The potential to never hear from Kaleb Cowart and his $2.3 million signing bonus again was looming large. A bit of fortune early in 2015 while with the 66ers may have turned his career around.  Poring over video late at night with hitting coach Brent del Chiaro helped discover a change in Cowart’s stance that had occurred gradually over time. Cowart spent time in the batting cage trying to regain his previous form. Although the numbers weren’t showing it, he was feeling more comfortable at the plate and was regaining some confidence. Cowart reverted to his old stance, moving his hands farther away from his body, standing more upright and refining his toe tap.

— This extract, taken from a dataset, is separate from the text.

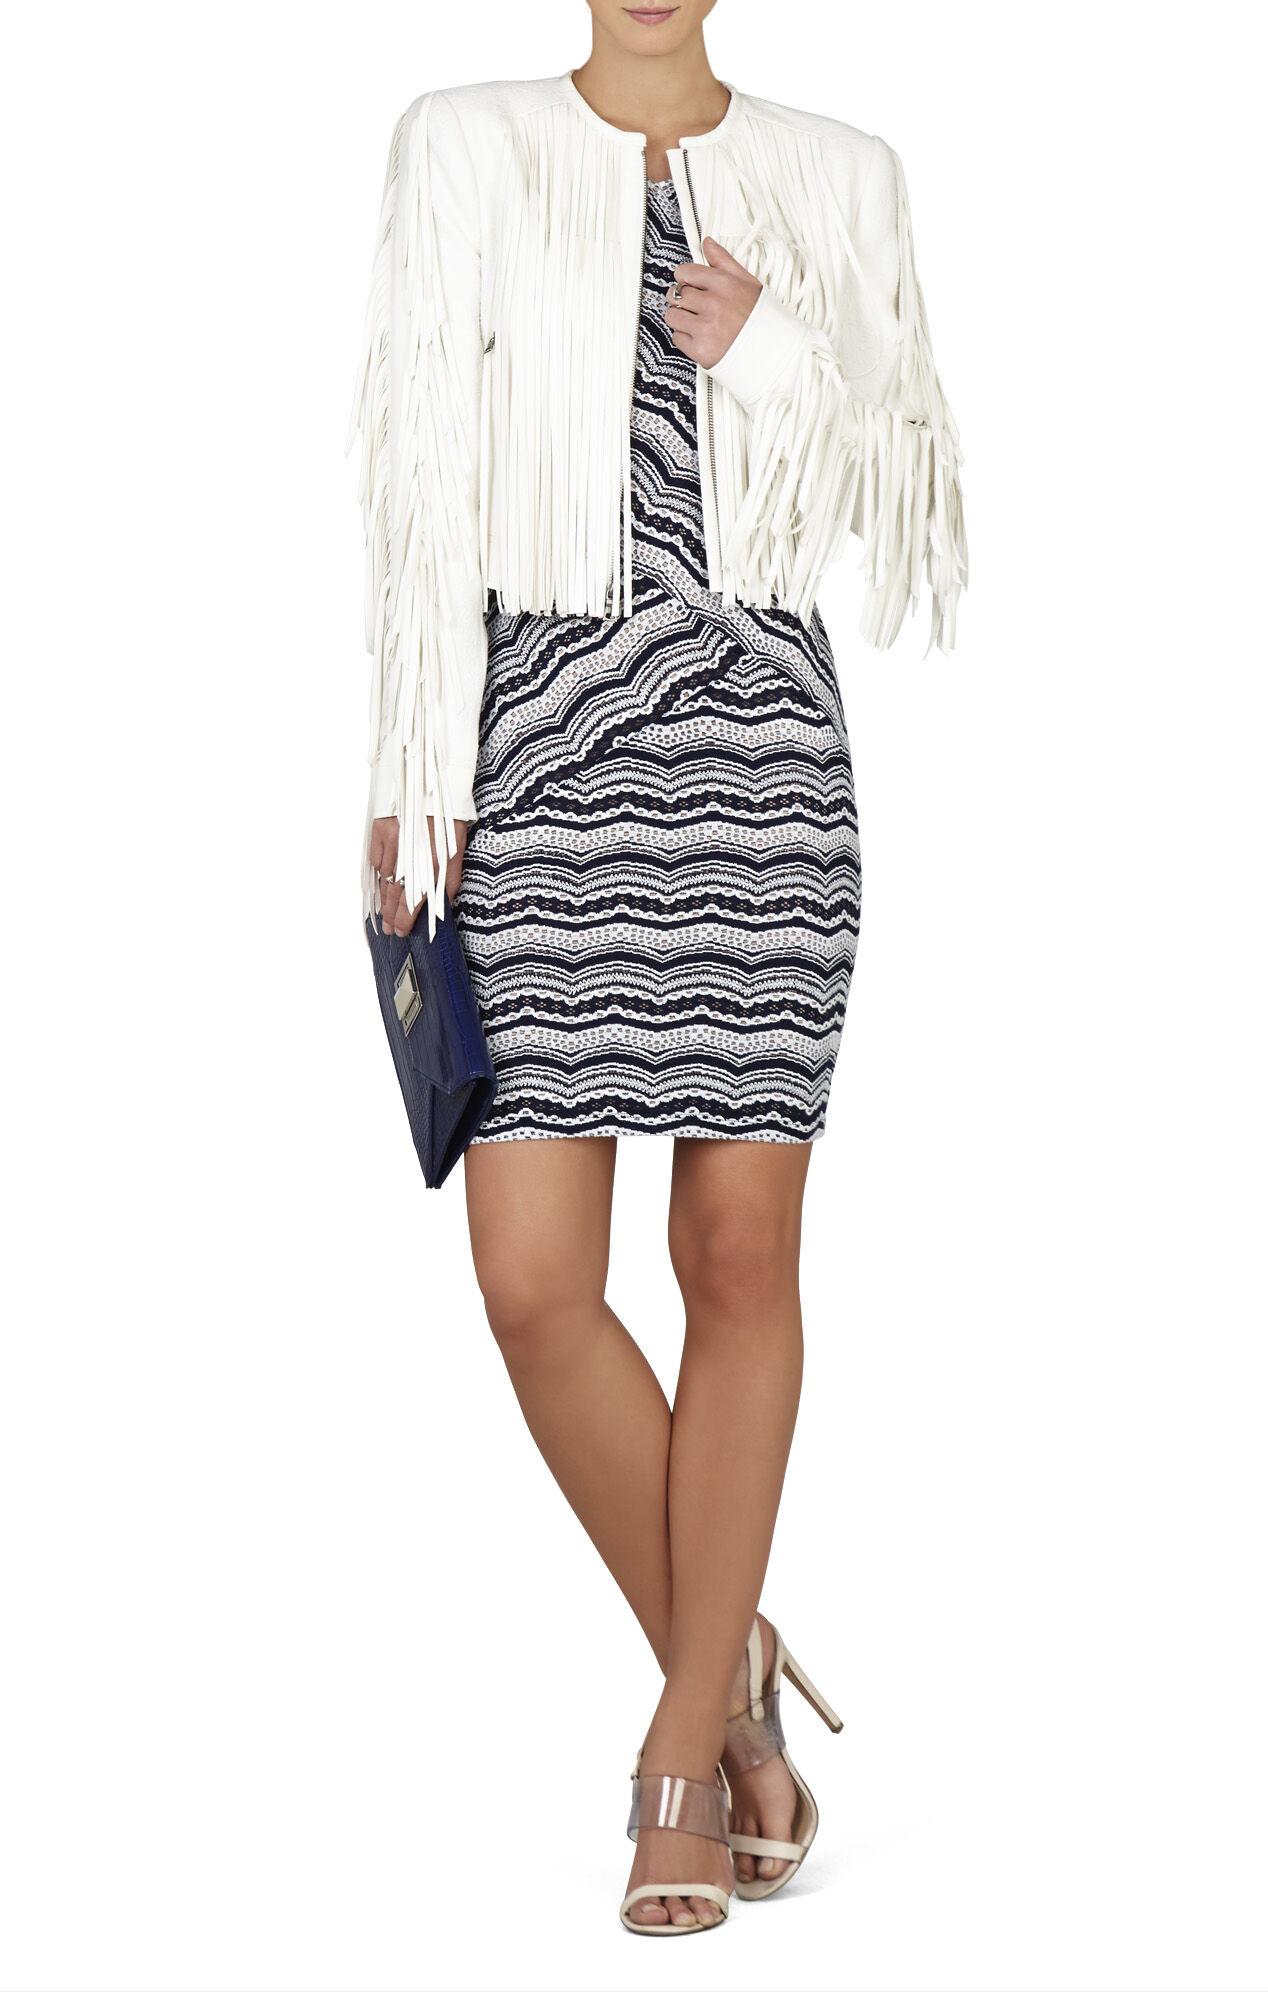 Melysa Long-Sleeve Scalloped Lace Dress

The second bit of fortune for Kaleb Cowart in 2015 happened when the Angels called up Kyle Kubitza from AAA Salt Lake City to help a struggling offense. A lack of organizational depth at third base led to Cowart being promoted to the Bees. Instead of just holding down a temporary roster spot in AAA, something strange happened and Cowart began to mash like his pre-draft days. He batted .323/.395/.491 with 6 HRs and 45 RBIs in 62 games with Salt Lake. The ballparks of the Pacific Coast League are definitely known as hitters parks, but this kind of success after two years of mighty struggles could not be ignored. Could it be that Cowart had prospect status again and could have a future as a professional ball player?

Cowart’s turnaround was so impressive that when the Angels were going to be without David Freese for a period of time because of injury, they turned to Cowart to man the hot corner. Cowart has worked some at shortstop and in the outfield this season in order to increase his value as a utility player. His defense has never really been doubted. The question is whether his bat will continue to match his quick rise from the ashes of what appeared a short time ago to be a downward spiraling minor league career. Persistence counts and sometimes when you continue to work hard even in the face of adversity, you can catch lightning in a bottle. Kaleb Cowart’s future is far from certain, as is everything in life. He and the Angels have to hope the work will pay off for the once highly touted prospect and turn into a solid major league career.